I need help designing a work flow that has an AI (open AI GPT 4) answer 40 different questions. The source date to be queried lies in a pinecone vector data base. I would also need the AI to be able to access the web and it’s own general training to help answer the questions.

The 40 questions are pre set, so I am not after a chat bot. The questions are in a google sheet. So I need the flow to pick up the questions, use the lang chain nodes and tools to ask each of the questions, and the write the answer back to the google sheet.

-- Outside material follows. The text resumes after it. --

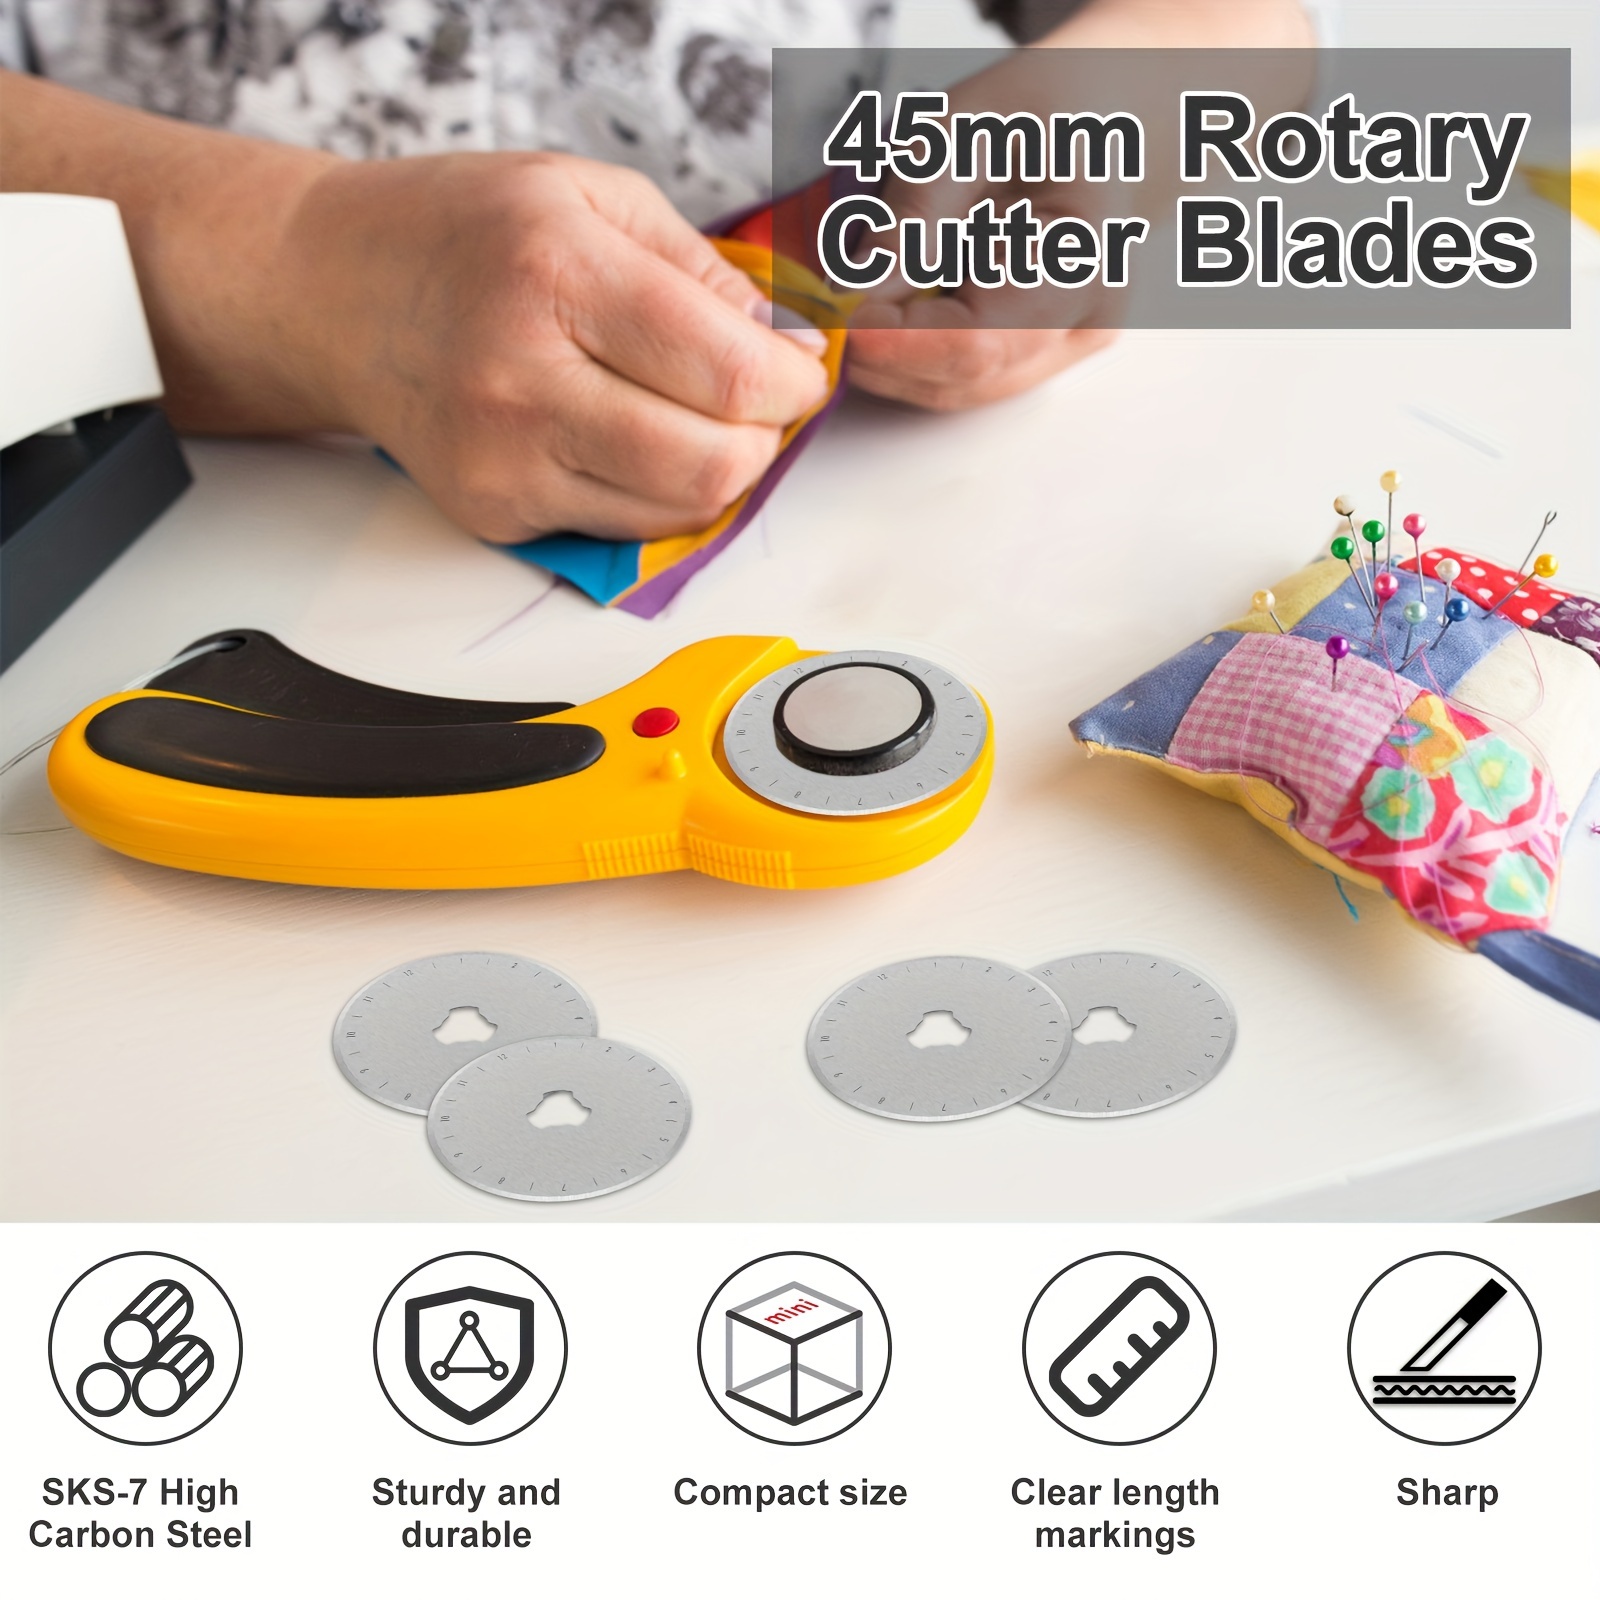 Titanium Rotary Cutter Blades 45mm Set 10/20/30/50pcs replacement Blades  leather Fabric Cutter SKS-7 Quilting Sewing Patchwork Tool – AUTOTOOLHOME

The use case is creating a marketing strategy document derived from querying a vector database that houses all the info scraped from a website. The 40 questions and answers are used to create the final report. Right now I just need a way to ask the questions and get the answers.

I have created a workflow that does the job but in a clumsy way, not using lang chain. I have summarised the website to get the content below the open AI token threshold for queries and to keep cost down. Then I have 40 open AI nodes, one for each question, and each time I include the web summary in the prompt.

I figure there must a smarter more efficient way to do this using the new neat lang chain nodes?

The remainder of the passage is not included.